3. **Scorecard Deployment and Scaling**: Deploy and scale scorecards with customizable parameters, allowing for precise control over model coefficients and constants.

By using ScoringPy, you can build robust credit scoring models with ease, reduce error rates, and enhance efficiency throughout the credit scoring process.

# Table of Contents

- [Features](##features)
- [Installation](#installation)
  - [Using pip](#using-pip)
  - [Using conda](#using-conda)
- [Usage](#usage)
  - [Processing](#processing)
    - [Pipeline Initialization](#pipeline-initialization)
      - [Type 1: Sequential Data Transformation with Automatic Flow](#type-1-sequential-data-transformation-with-automatic-flow)
      - [Type 1: Reusing the Pipeline](#type-1-reusing-the-pipeline)
      - [Type 2: Non-Sequential Data Processing with Manual Flow](#type-2-non-sequential-data-processing-with-manual-flow)
      - [Type 2: Reusing the Pipeline](#type-2-reusing-the-pipeline)
      - [Processing Optional Arguments](#processing-optional-arguments)
  - [WoeAnalysis](#woeanalysis)
    - [Methods](#methods)
      - [Analyzing Discrete Variables](#analyzing-discrete-variables)
      - [Analyzing Continuous Variables](#analyzing-continuous-variables)
    - [Additional Attributes](#additional-attributes)
  - [WoeBinning](#woebinning)
  - [CreditScoring](#creditscoring)
    - [Steps](#steps)
    - [Example](#example)
  - [Performance Testing and Monitoring](#performance-testing-and-monitoring)
- [Best Practices and Detailed Explanations](#best-practices-and-detailed-explanations)
  - [Data Preprocessing Pipeline](#data-preprocessing-pipeline)
  - [WoE Analysis and Binning](#woe-analysis-and-binning)
  - [Data Transformation with WoeBinning](#data-transformation-with-woebinning)
  - [Credit Score Scaling](#credit-score-scaling)
- [Conclusion](#conclusion)
- [Contribution and Support](#contribution-and-support)



## Features
- **Data Preprocessing with Pipeline**: Automate and save every data manipulation step using a pipeline, which can be easily reapplied to new data. This ensures consistent preprocessing and reduces the likelihood of errors.
- **Feature Selection with WoE Analysis**: Generate detailed reports and visualizations for each feature based on WoE and Information Value (IV). This includes statistical summaries that help in understanding the predictive power of each feature.
- **Binning (Manual and Automatic)**: Bin continuous features for classical scoring models. Choose between manual binning or automatic suggestions provided by the library. Binning validation is included in the feature statistics report, checking if any data falls outside bin ranges.
- **Final Data Transformation**: Apply a second layer of protection against outlier data. The library alerts you if any data points fall outside the defined bin ranges during transformation.
- **Scorecard Deployment and Scaling**: Scale scores based on the model's coefficients and constants. The scaling is fully customizable, with default values optimized for most scaling scenarios.
- **Performance Testing**: Easily test the scorecard's performance on different data populations using the preprocessing pipelines.
- **Monitoring**: Track scorecard and population performance over time, leveraging the consistent preprocessing steps provided by the pipelines.

## Installation

You can install ScoringPy using either `pip` or `conda`.

### Using pip

```bash
pip install ScoringPy
```

### Using conda

```bash
conda install -c conda-forge ScoringPy
```

## Usage

ScoringPy provides several modules, each designed for a specific part of the credit scoring process:

- **Processing**: For data preprocessing.
- **WoeAnalysis**: For feature selection and binning using WoE analysis.
- **WoeBinning**: For transforming data based on the selected features and bins.
- **CreditScoring**: For scaling scores and probabilities based on the model and scaling constants.
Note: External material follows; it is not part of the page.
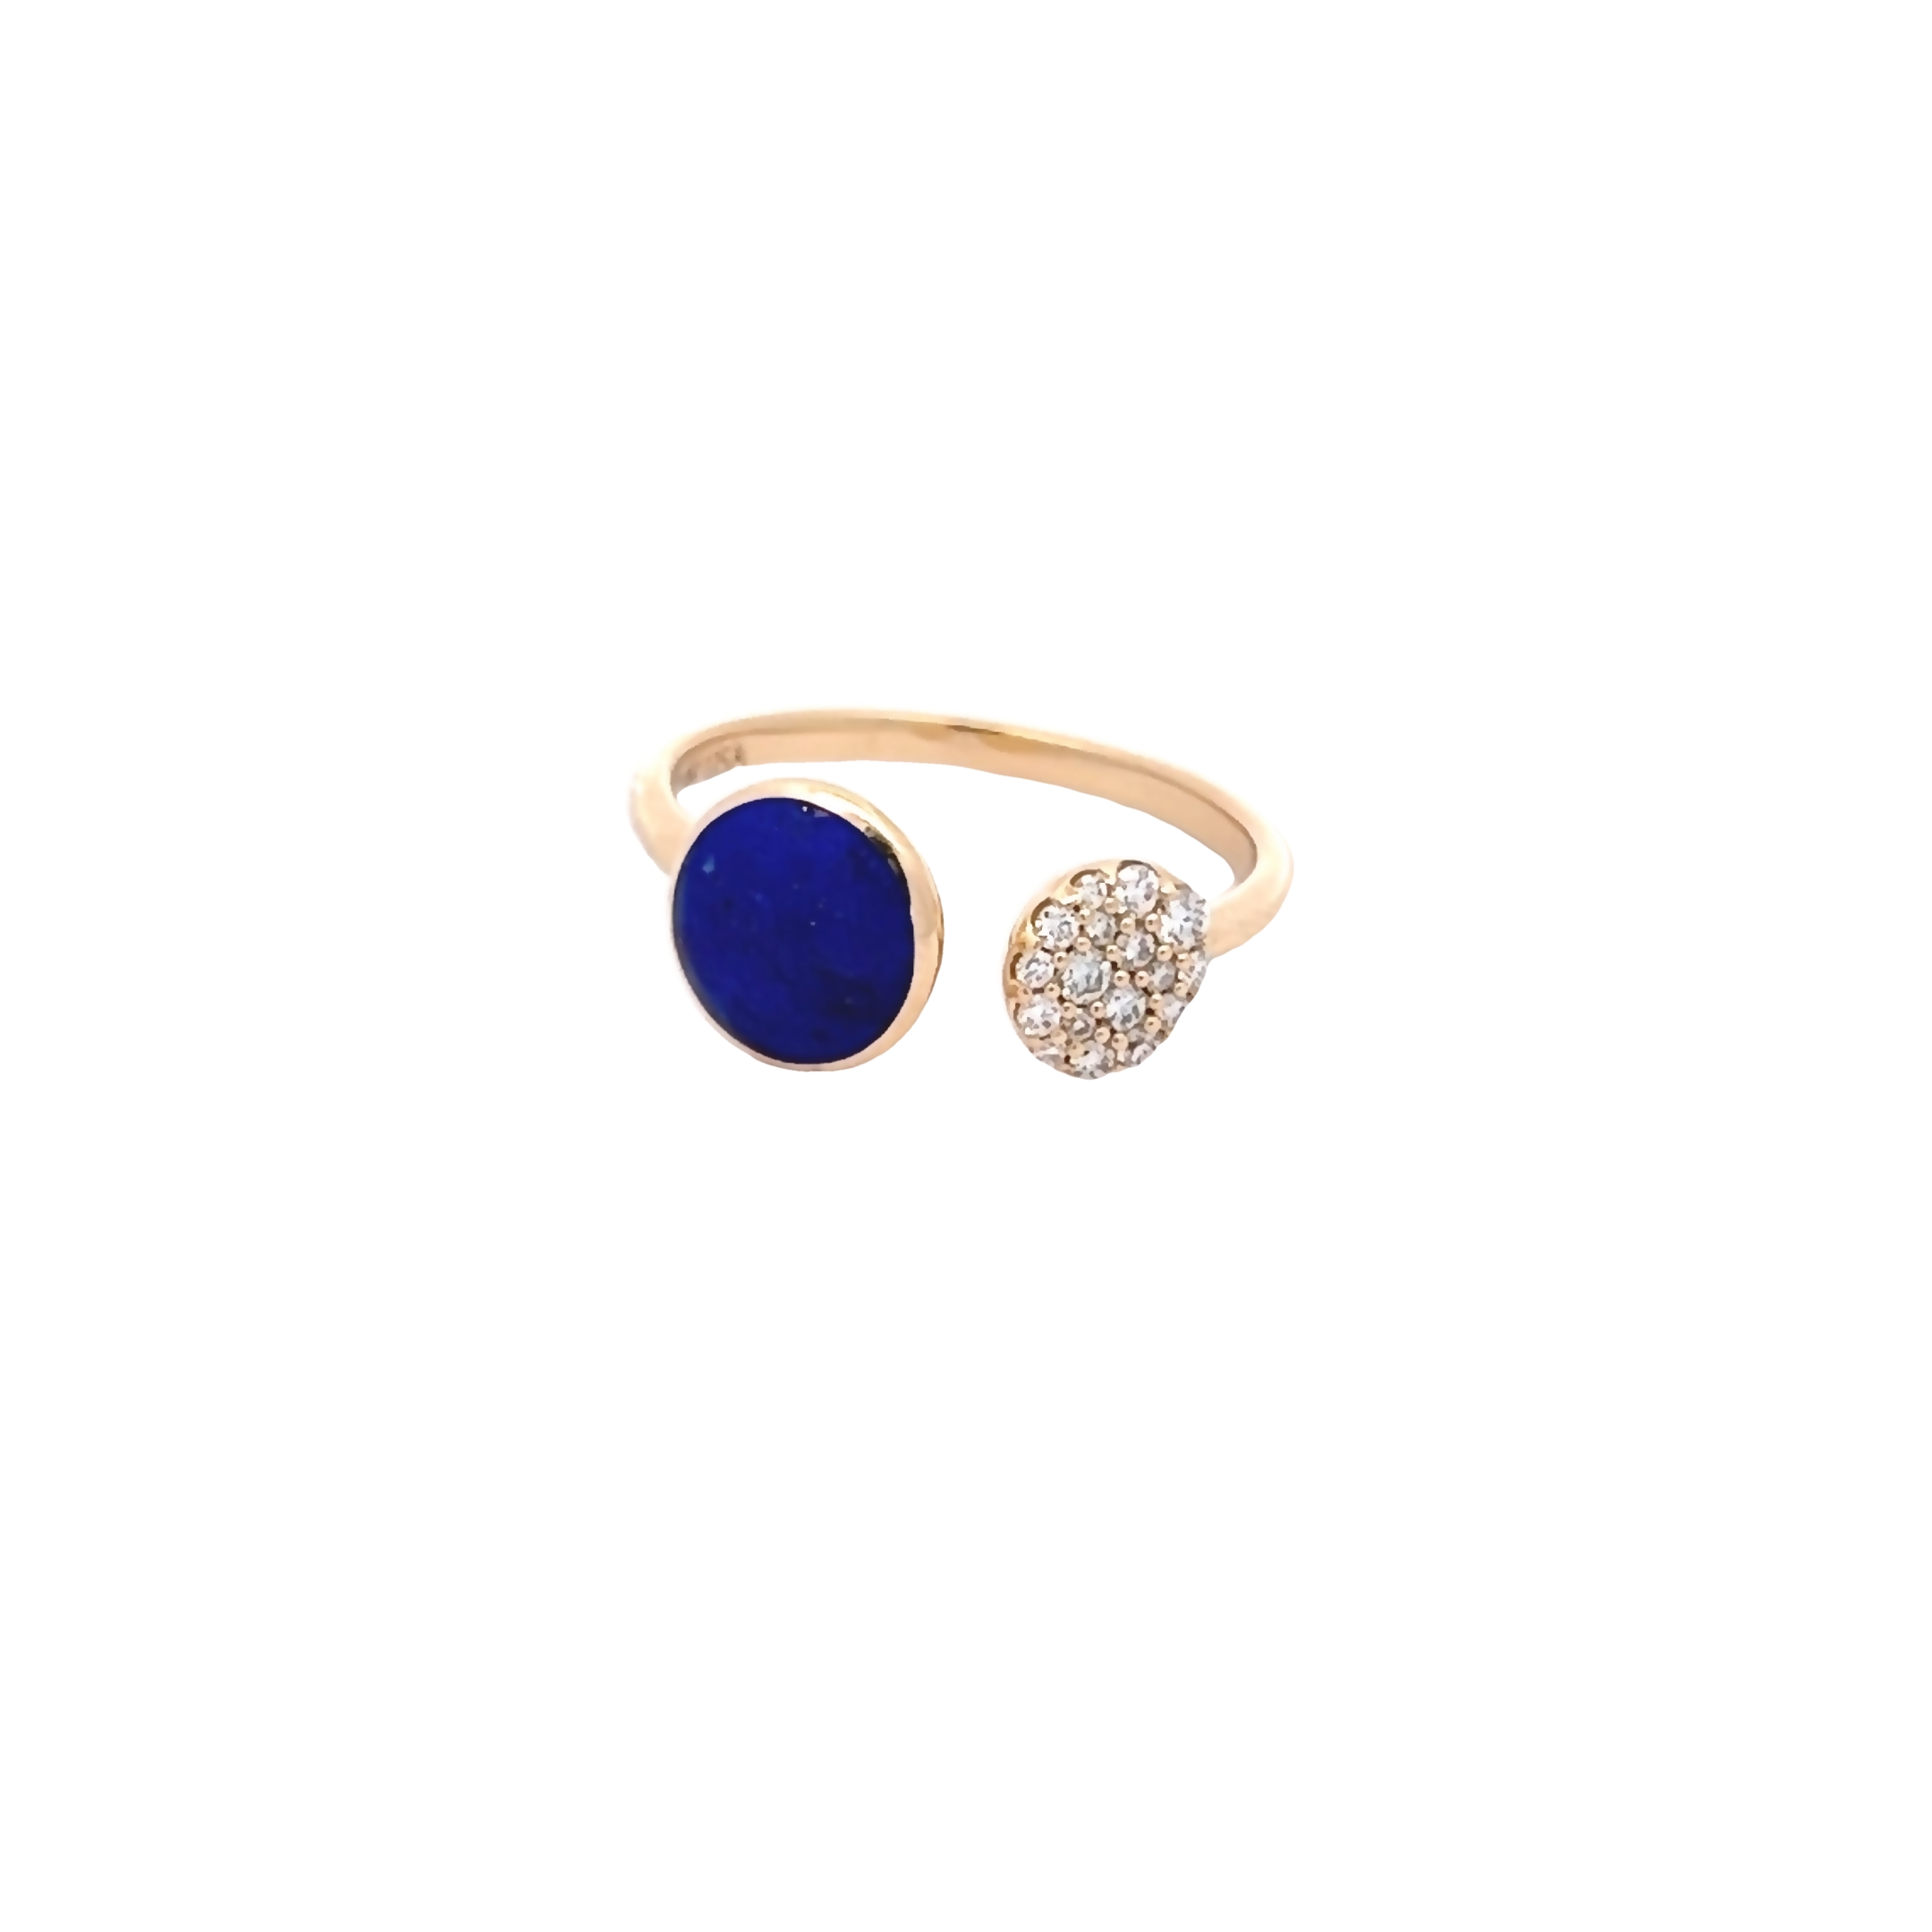 14 Karat yellow gold ring with 17=0.18 total weight round brilliant G VS Diamonds and Lapis Lazuli inlay. Size 8.
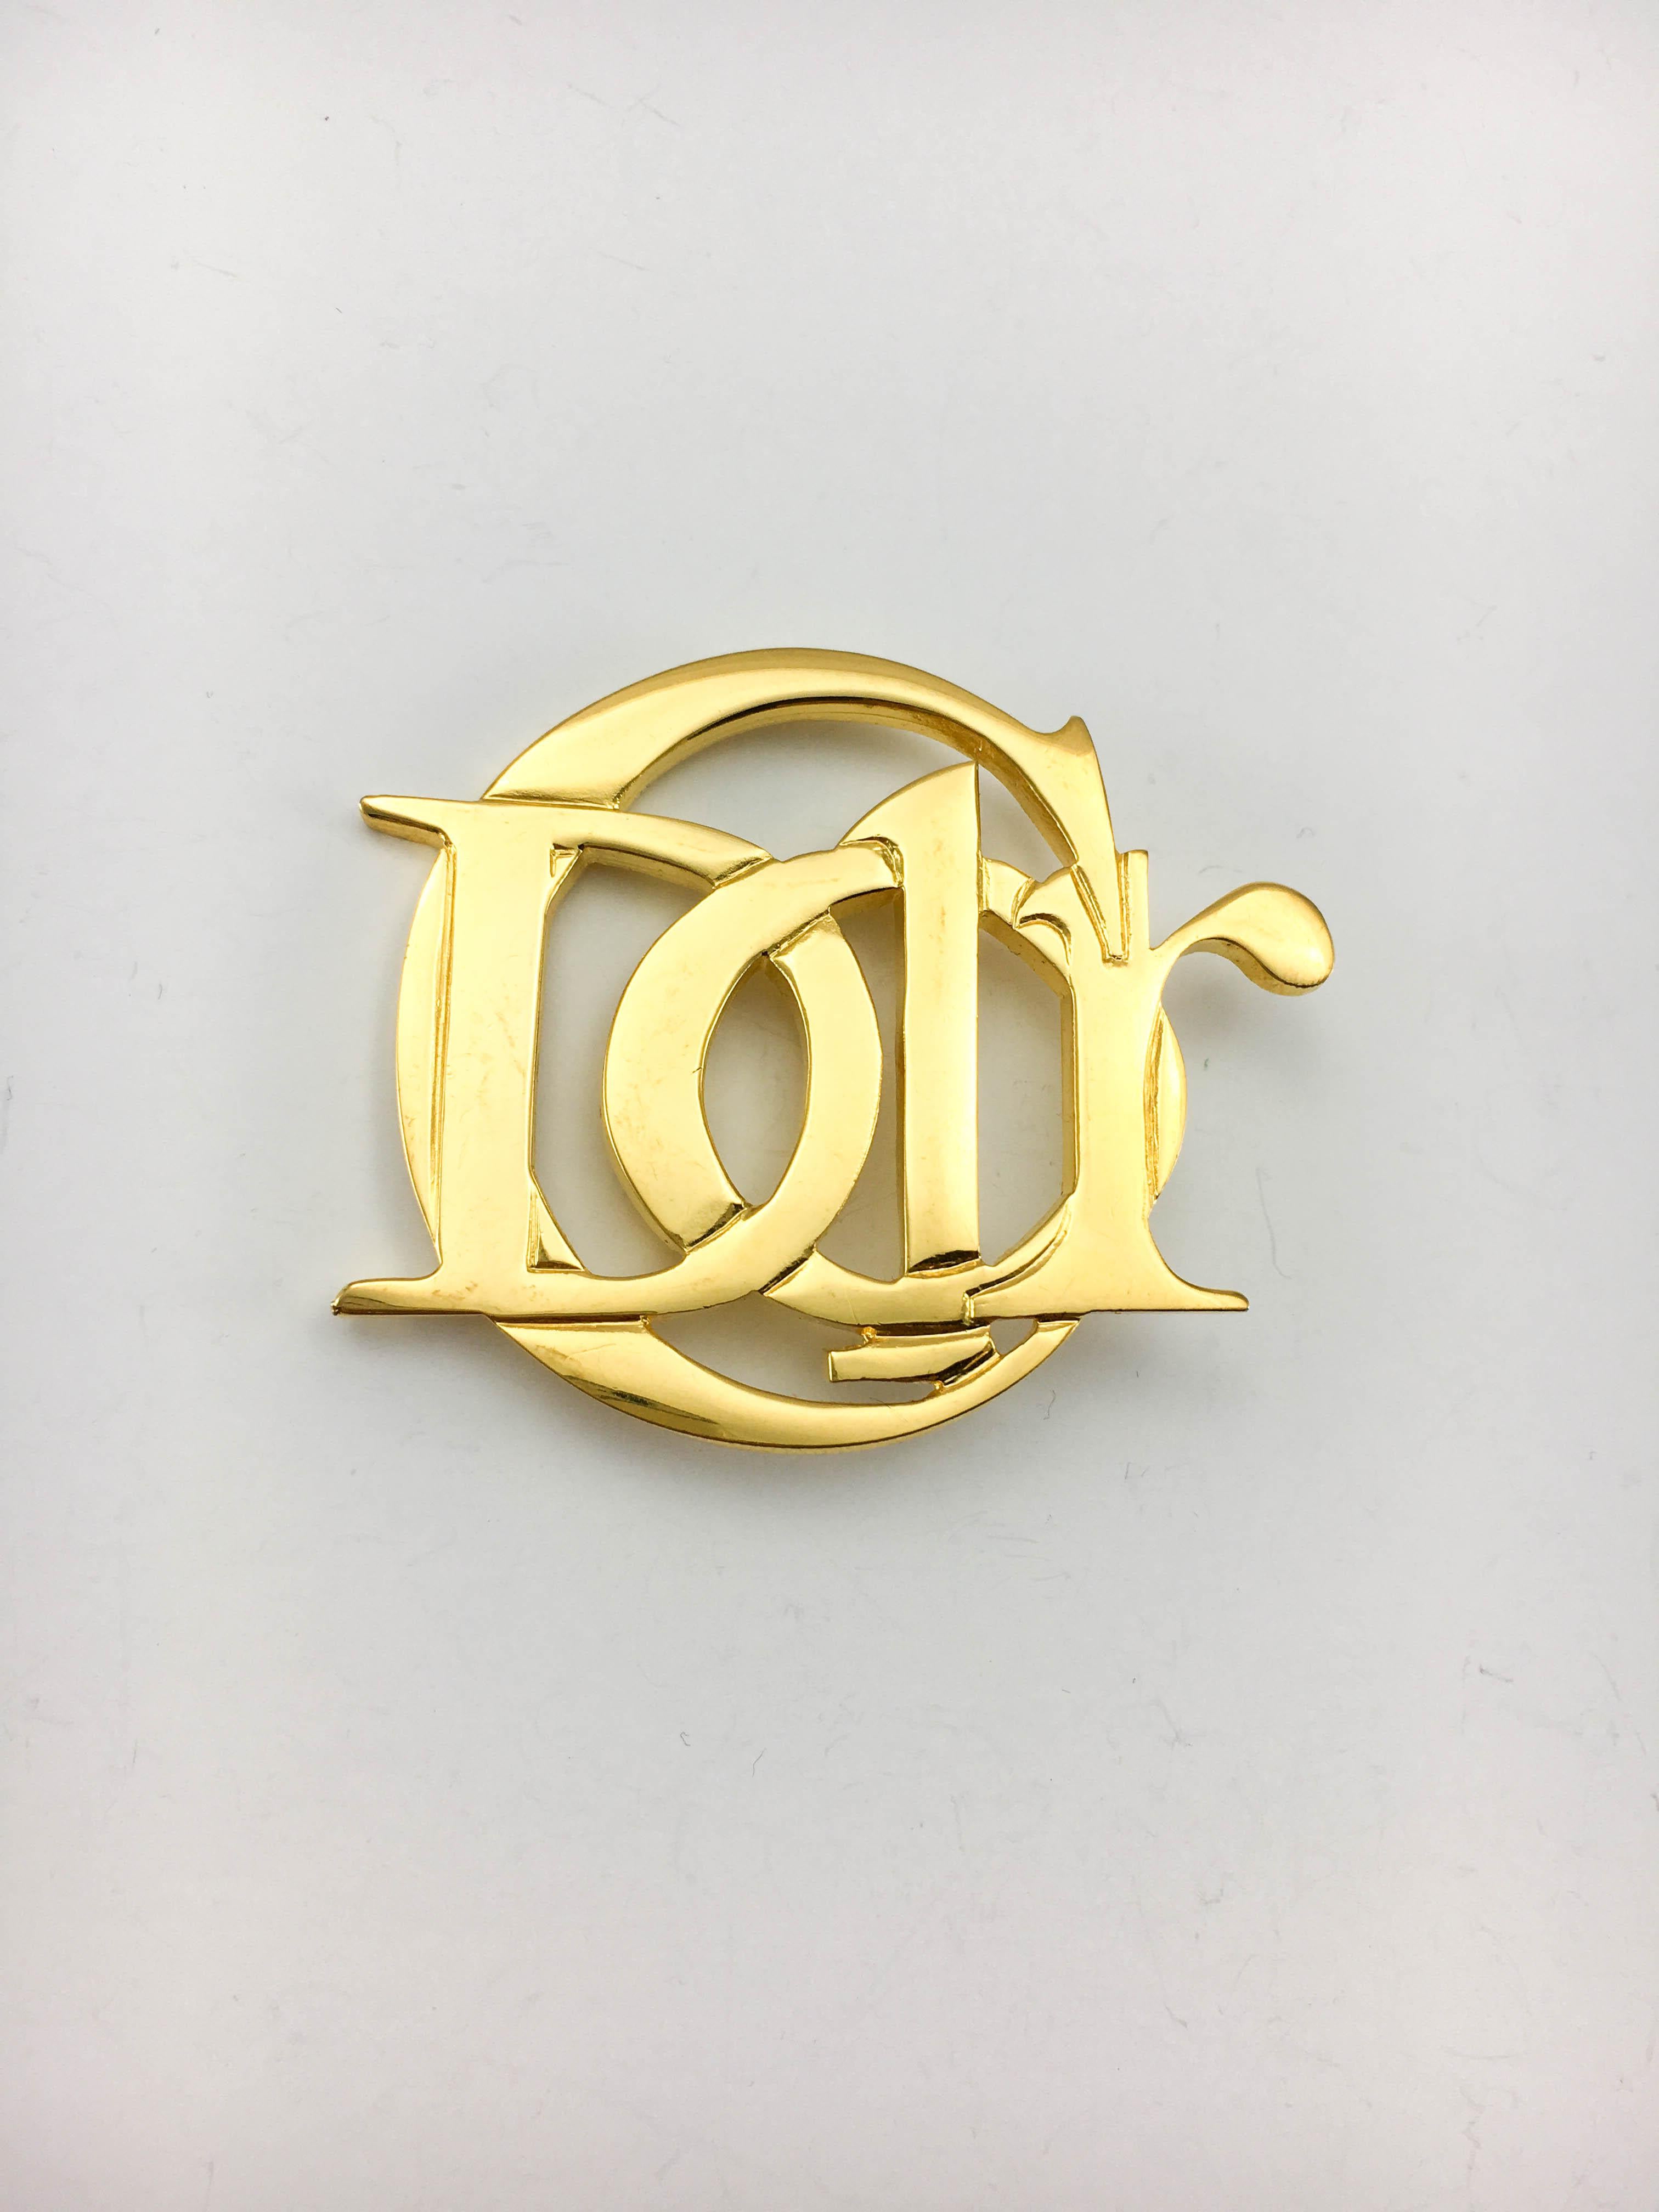 1990's Christian Dior Stylised Gilt Logo Brooch In Excellent Condition For Sale In London, Chelsea

Below are detailed explanations and examples for each module.

### Processing
The **Processing** module automates data preprocessing steps using pipelines. Every transformation is saved and can be easily reapplied to new data, which is crucial for model validation and testing.

#### Pipeline Initialization
To create a processing pipeline, initialize it using the `Processing` class. You can enable or disable automatic data flow between steps using the `flow` parameter.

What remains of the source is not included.